Requirement
In the listing below, find the line containing "Flight gallery with" and the line containing "49Troubleshooting (continued)Removing card", then copy exactly everything from the first through the second, except the pictures.

Data for this exercise
============================================================

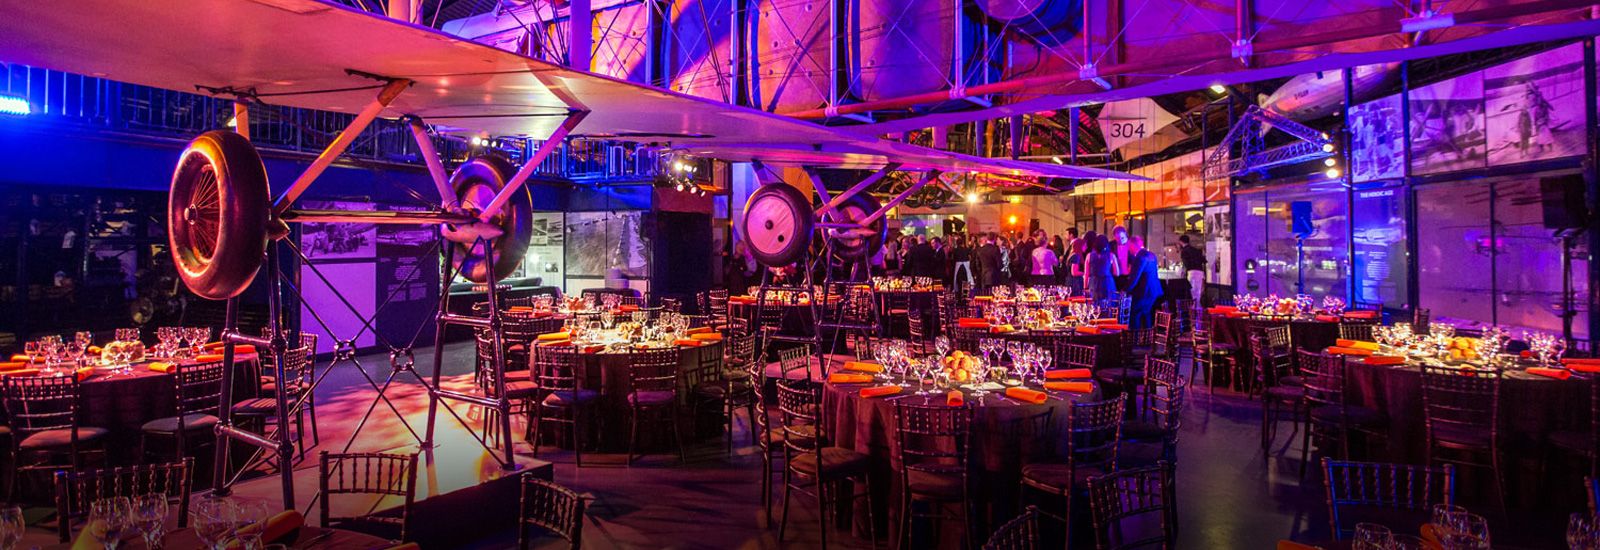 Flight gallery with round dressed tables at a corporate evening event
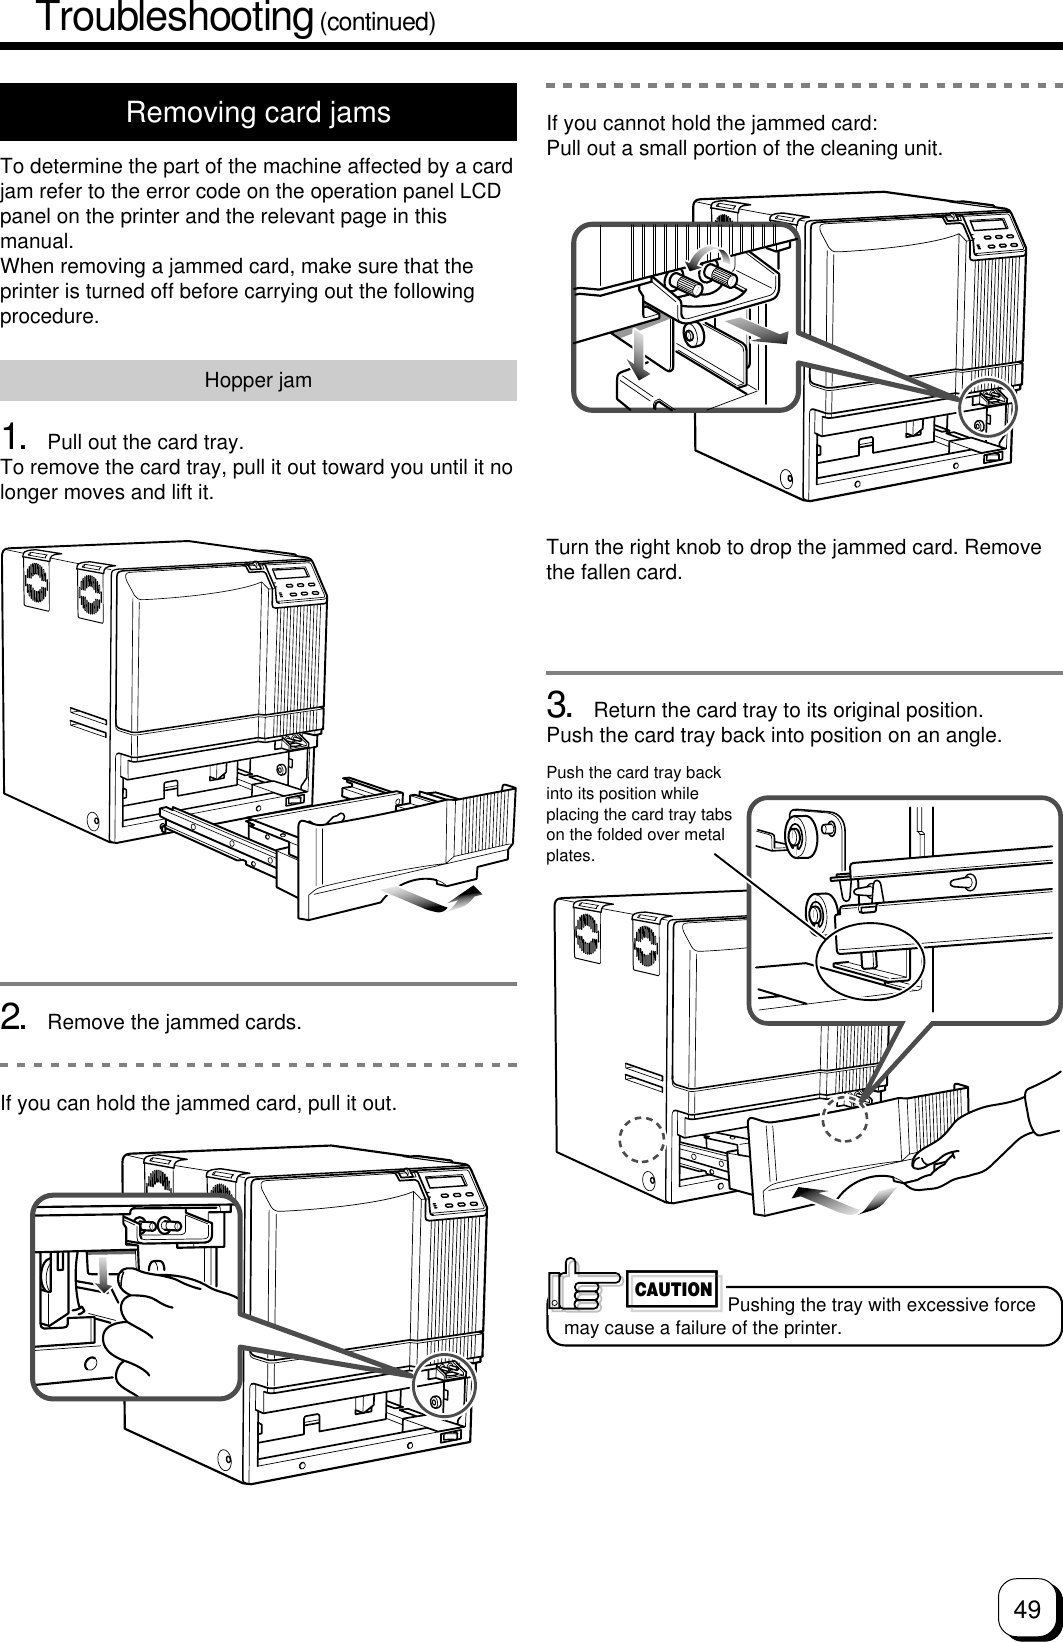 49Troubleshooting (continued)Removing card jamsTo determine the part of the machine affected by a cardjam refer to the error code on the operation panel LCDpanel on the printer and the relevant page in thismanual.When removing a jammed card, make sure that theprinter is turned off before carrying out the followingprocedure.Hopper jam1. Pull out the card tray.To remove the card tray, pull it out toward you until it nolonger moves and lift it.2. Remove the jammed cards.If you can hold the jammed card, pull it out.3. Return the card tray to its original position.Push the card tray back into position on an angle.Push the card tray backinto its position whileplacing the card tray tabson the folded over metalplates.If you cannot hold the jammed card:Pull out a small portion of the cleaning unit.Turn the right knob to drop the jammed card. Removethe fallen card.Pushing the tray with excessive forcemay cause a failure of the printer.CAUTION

============================================================

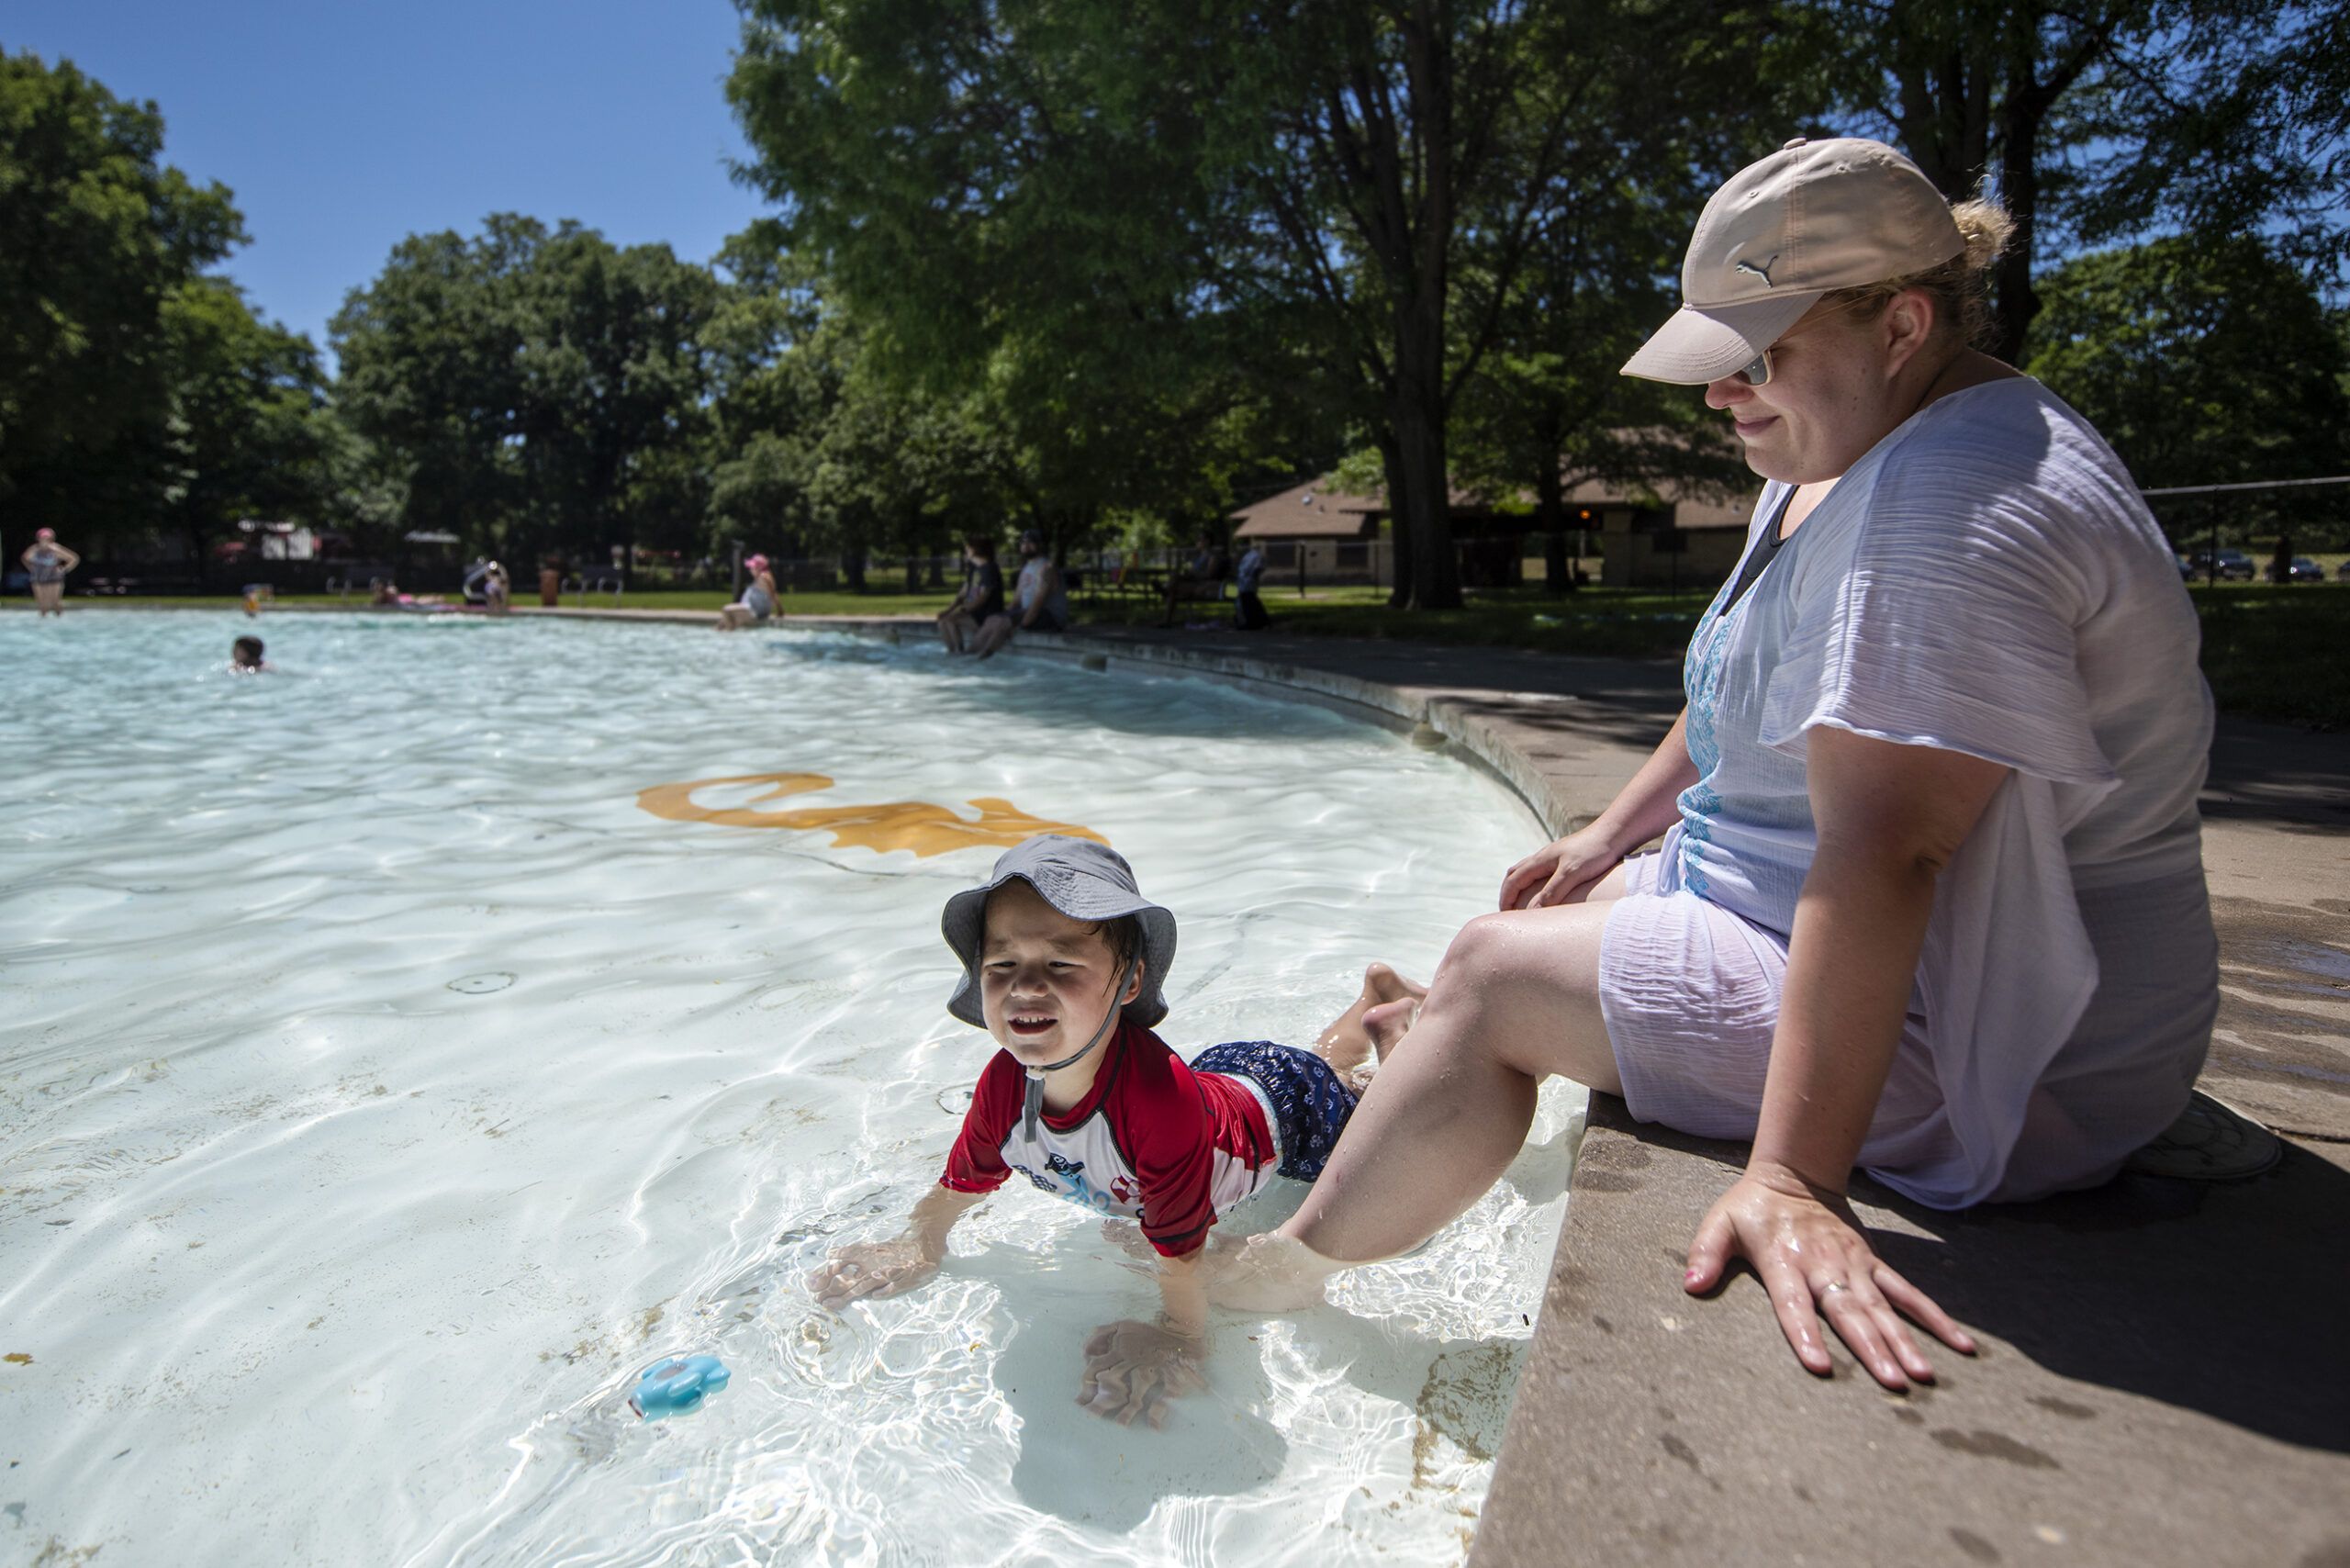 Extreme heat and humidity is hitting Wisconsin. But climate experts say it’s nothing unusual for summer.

============================================================

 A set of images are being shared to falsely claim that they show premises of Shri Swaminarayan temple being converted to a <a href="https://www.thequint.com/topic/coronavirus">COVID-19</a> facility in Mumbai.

============================================================

Result of the task
 Flight gallery with round dressed tables at a corporate evening event
 49Troubleshooting (continued)Removing card jamsTo determine the part of the machine affected by a cardjam refer to the error code on the operation panel LCDpanel on the printer and the relevant page in thismanual.When removing a jammed card, make sure that theprinter is turned off before carrying out the followingprocedure.Hopper jam1. Pull out the card tray.To remove the card tray, pull it out toward you until it nolonger moves and lift it.2. Remove the jammed cards.If you can hold the jammed card, pull it out.3. Return the card tray to its original position.Push the card tray back into position on an angle.Push the card tray backinto its position whileplacing the card tray tabson the folded over metalplates.If you cannot hold the jammed card:Pull out a small portion of the cleaning unit.Turn the right knob to drop the jammed card. Removethe fallen card.Pushing the tray with excessive forcemay cause a failure of the printer.CAUTION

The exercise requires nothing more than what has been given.